◆ **ABOUT THIS EXERCISE**: Copy the data that follows exactly as it is, excluding all pictures.

◆ **INFORMATION SUPPLIED**:

------------------------------------

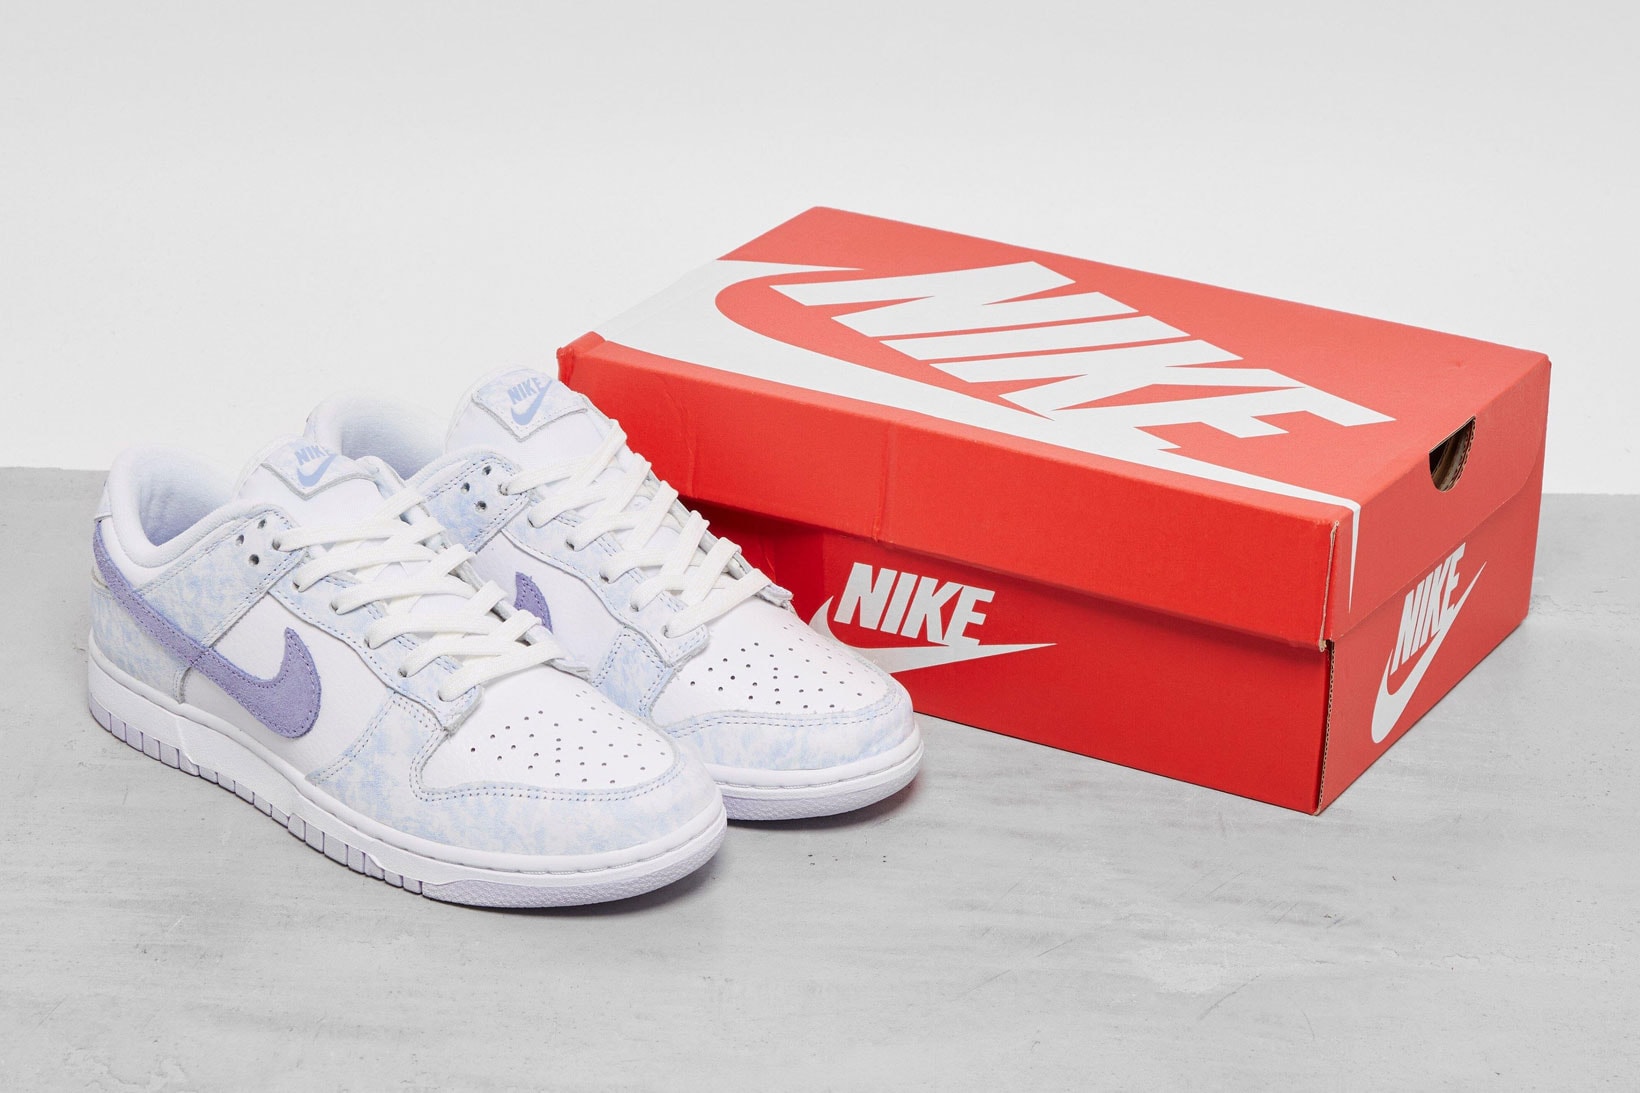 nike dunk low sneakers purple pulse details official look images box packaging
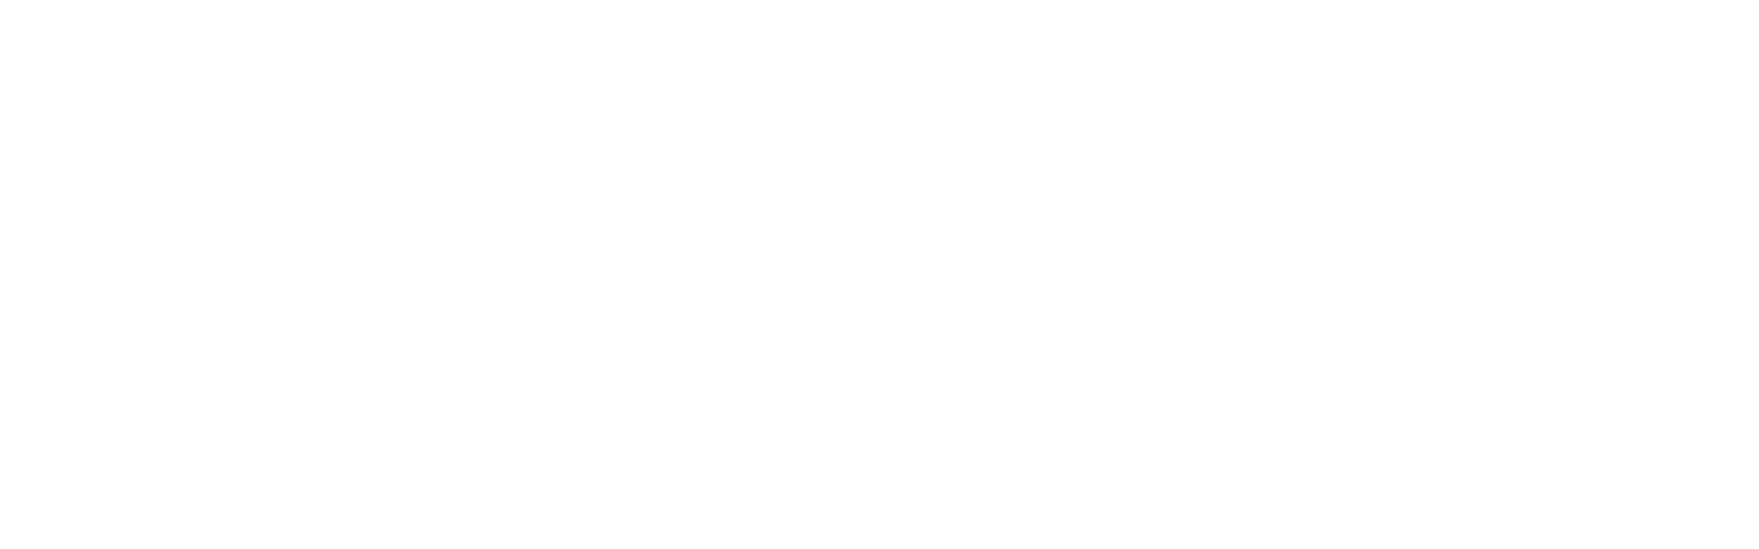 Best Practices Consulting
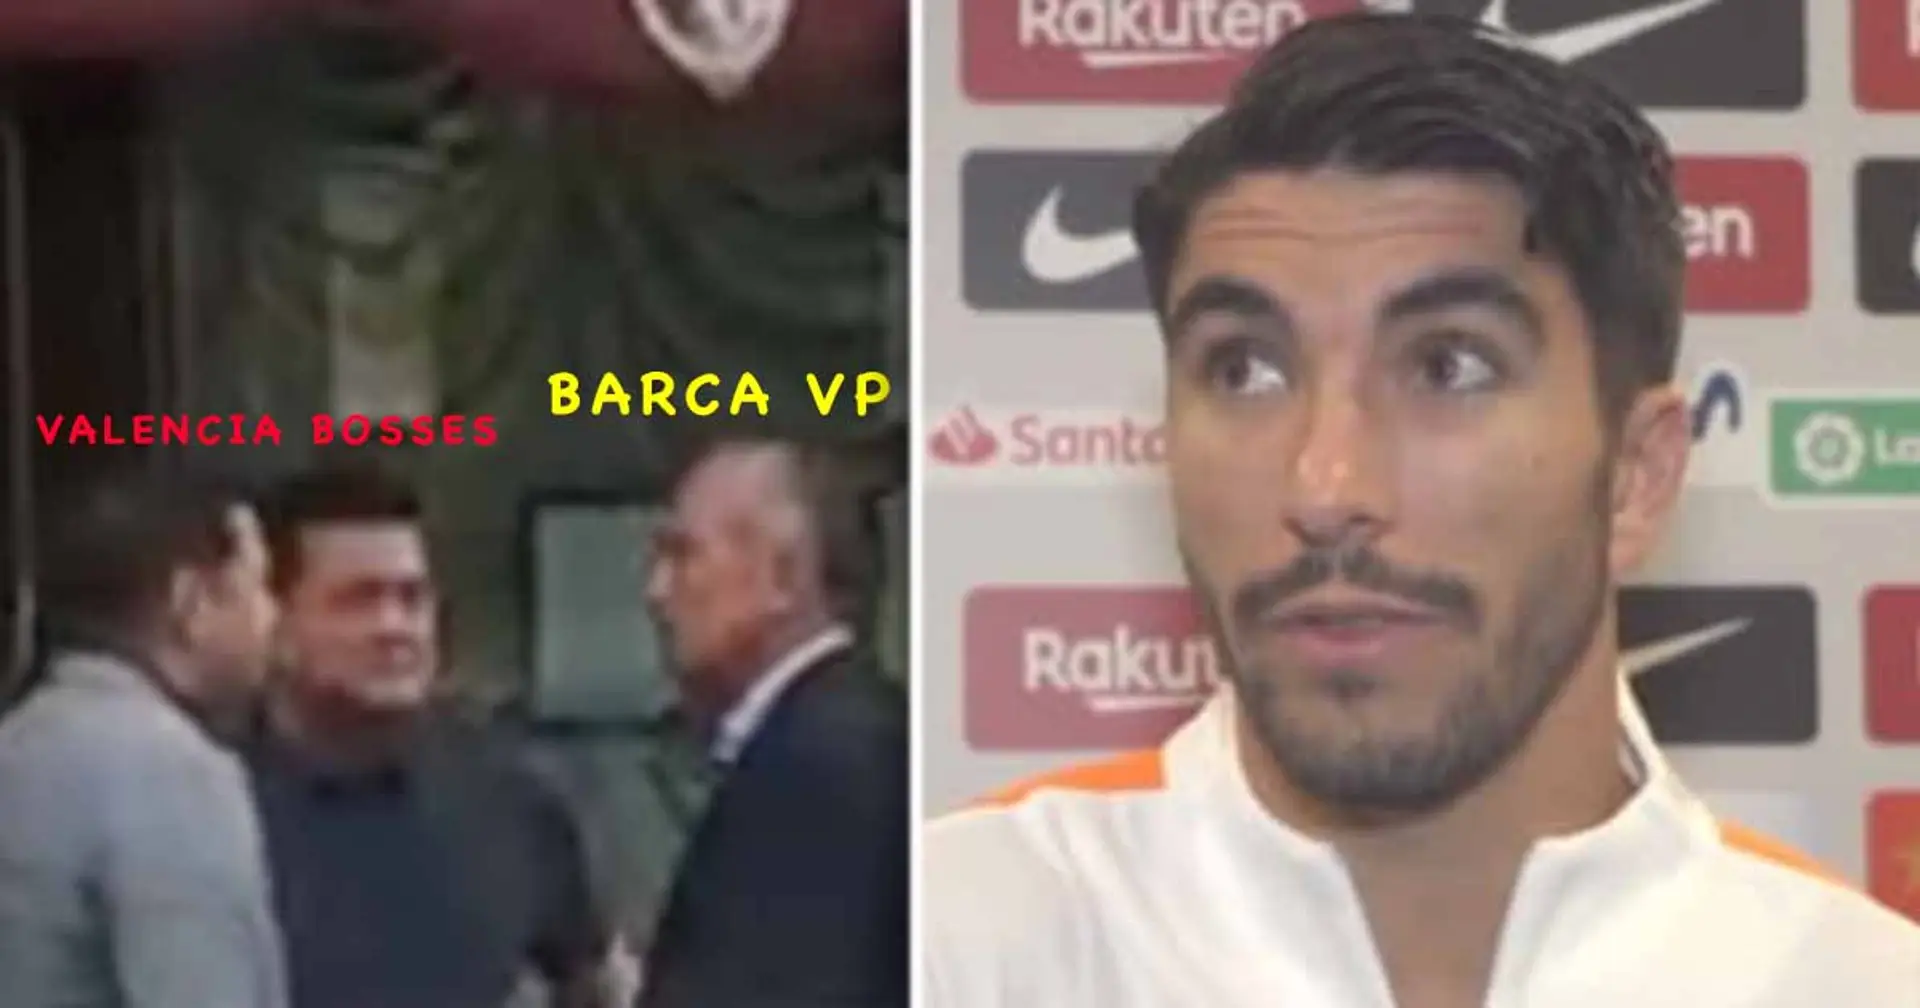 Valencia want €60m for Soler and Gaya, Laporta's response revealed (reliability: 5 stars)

------------------------------------

◆ **EXERCISE RESULT**:
 nike dunk low sneakers purple pulse details official look images box packaging
 Best Practices Consulting
 Valencia want €60m for Soler and Gaya, Laporta's response revealed (reliability: 5 stars)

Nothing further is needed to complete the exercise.